Why didn’t IDF, Shin Bet report that air power wouldn't beat Hamas tunnels?

Why did the defense establishment stonewall the security cabinet on certain aspects of the tunnel threat, such as the limited effectiveness of air strikes?

A PALESTINIAN TERRORIST climbs out of a tunnel in the Gaza Strip during a graduation ceremony in Rafah earlier this month. (photo credit: SUHAIB SALEM / REUTERS)
A PALESTINIAN TERRORIST climbs out of a tunnel in the Gaza Strip during a graduation ceremony in Rafah earlier this month.
(photo credit: SUHAIB SALEM / REUTERS)
An air attack on Hamas’s tunnels was never going to work, and the defense establishment knew it all along.
As politicians try to portray State Comptroller Joseph Shapira’s 2014 Gaza war report as a battle – one between Prime Minister Benjamin Netanyahu and Education Minister Naftali Bennett over who is the better “Mr. Security” and who should lead the Right in Israel – that simple truth should not be lost.
Cutting through the politics, the real battle over how Israel handled the tunnel issue during the war is between former defense minister Moshe Ya’alon and most of the defense establishment on one side, and Shapira, Bennett and the IDF’s former southern commander on the other.
The central questions in 2014 for Ya’alon, former IDF chiefof- staff Lt.-Gen. Benny Gantz, former Shin Bet (Israel Security Agency) director Yoram Cohen and others were: Should we deal with the tunnels with air strikes or ground troops? How much information should we share with the security cabinet on the issue?
The report reveals that, leading up to the war, top defense establishment figures were in near-unanimous agreement that air strikes would be ineffective in blowing up the tunnels and rendering them unusable.
In fact, the main view was that air strikes might even make later attempts to fully eliminate the tunnels more difficult; impact from the strikes would not completely destroy them, but could impede ground forces entering and maneuvering inside them for that purpose.
In joint meetings in 2013 – on January 31 and May 16 – Cohen told Netanyahu that air strikes would only be partially effective against Hamas’s tunnels.
In a letter to Netanyahu on March 21, 2013, Cohen told the prime minister that Hamas showed a trend of returning and rehabilitating tunnels which were hit from the air.
In a March 24, 2014, military intelligence memorandum, it was noted that an air attack on the tunnels was problematic.
In summarizing conclusions from a June 30, 2014, defense establishment status meeting on Operation Brother’s Keeper chaired by Ya’alon, the defense minister said he “accepts the position that was presented not to use air strikes against... tunnels due to the limited value [of such an attack] and the damage which is liable to be caused.”

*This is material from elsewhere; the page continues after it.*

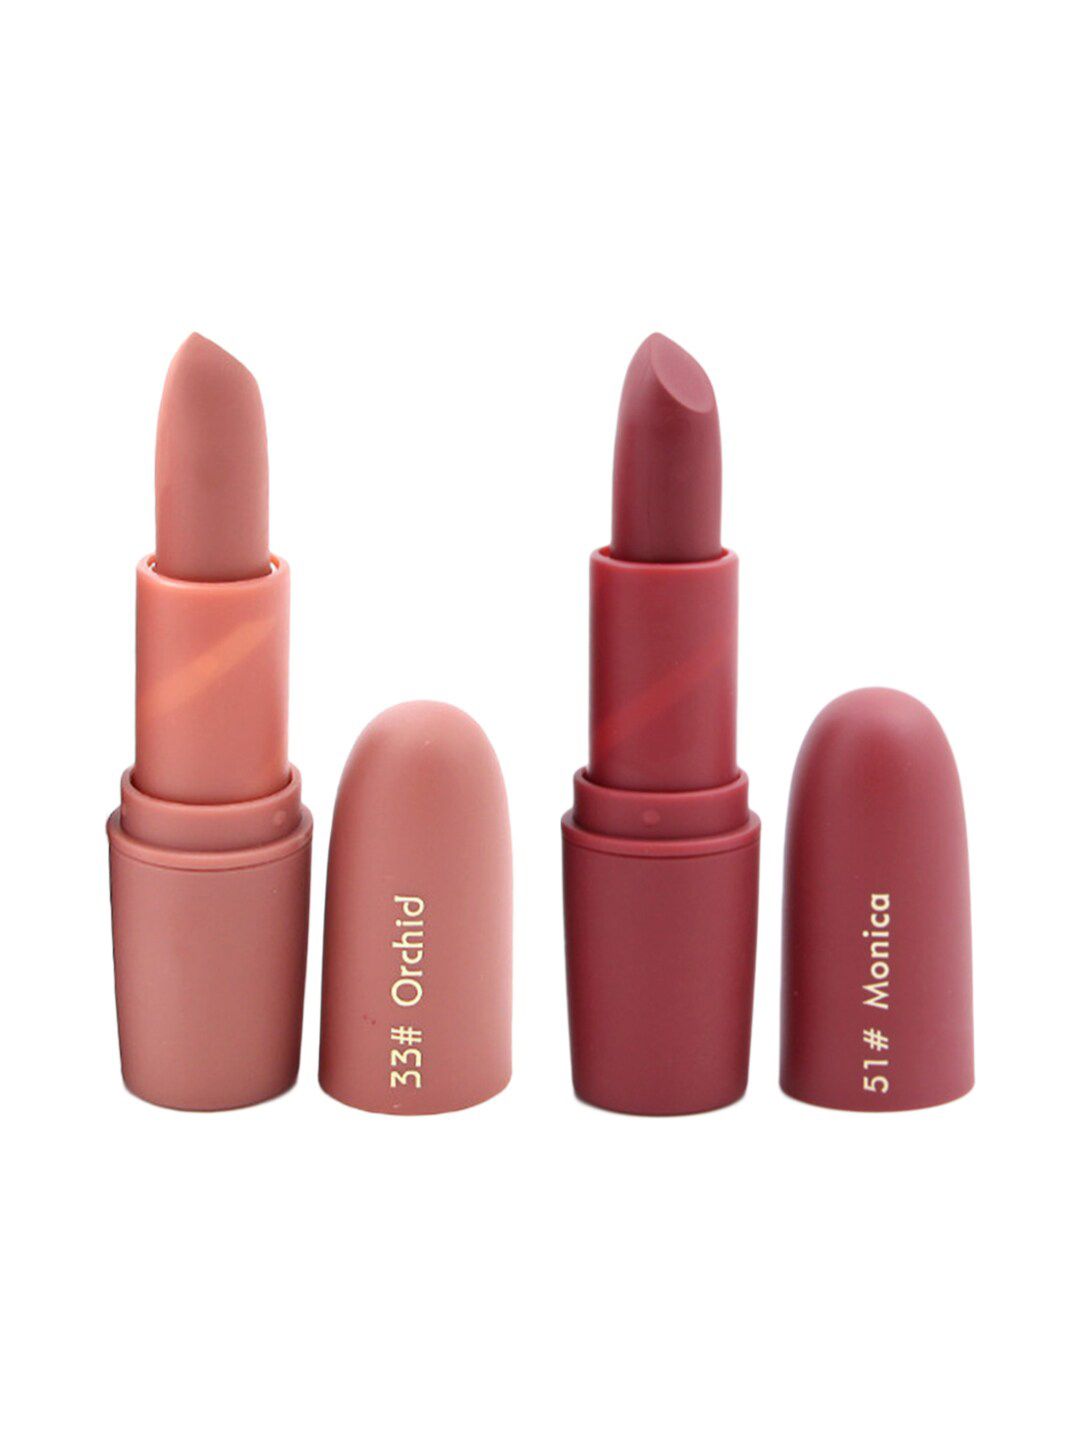 MISS ROSE Professional Make-Up Set of 2 Matte Creamy Lipsticks - Orchid 33 & Monica 51 Price in India

Yet, when the issue was presented to the security cabinet on the eve of the war, all the security chiefs supported air strikes without even mentioning their prior reservations.
Naftali Bennett even asked multiple times about whether air strikes would be effective on tunnels and his objections were rebuffed.
How could this possibly be justified or make any sense? And how does attacking the comptroller for being “political” address this glaring contradiction? Netanyahu passed the buck, telling the comptroller it was complicated, but that, ultimately, he followed the recommendations of Ya’alon and Gantz.
Ya’alon explained to the comptroller that the original purpose of attacking the tunnels from the air was not to neutralize them entirely, but to pressure Hamas into a cease-fire, without the need of sending ground forces into Gaza (as was done in the 2012 Gaza war).
Gantz and the current IDF spokesman explained that air strikes were the best, or the only, available option in trying not to use ground troops.
He added that the security cabinet knew the air strikes might damage the ability of ground troops to clear the tunnels later – though the ministers say they did not know this, and Shapira takes the ministers’ side on the issue.
Curiously, Cohen is the only one who told the comptroller he had changed his recommendation, and the only one who said it was because the Air Force, until July 2014, said it had acquired new, better, and more useful capabilities for striking tunnels.
In contrast, former IDF Southern Commander Maj.-Gen. Sami Tourgeman is on record as having been against using air power on the tunnels and wanting to go in with ground forces to deal with them from the start, since the IDF didn’t always get that opportunity. However, his concerns were raised within the army, and his superiors did not pass those concerns on to the cabinet.
Meanwhile, Bennett was asking questions along the same lines of Tourgemon’s and the defense establishment’s earlier doubts, but was stonewalled by Ya’alon.
The comptroller says – straight out – that Ya’alon and company messed up in deciding to use air strikes, and in not sharing their doubts with the security cabinet.
This is the crux of the battle over the tunnels between Ya’alon, Gantz, the IDF and Cohen on one side and Bennett, Tourgemon and the comptroller on the other.
In short, it appears the defense establishment stonewalled the security cabinet on certain aspects of the tunnel threat, such as the limited effectiveness of air strikes, because they wanted to delay or avoid a ground war at almost all costs – a war that Bennett thought was necessary from the start.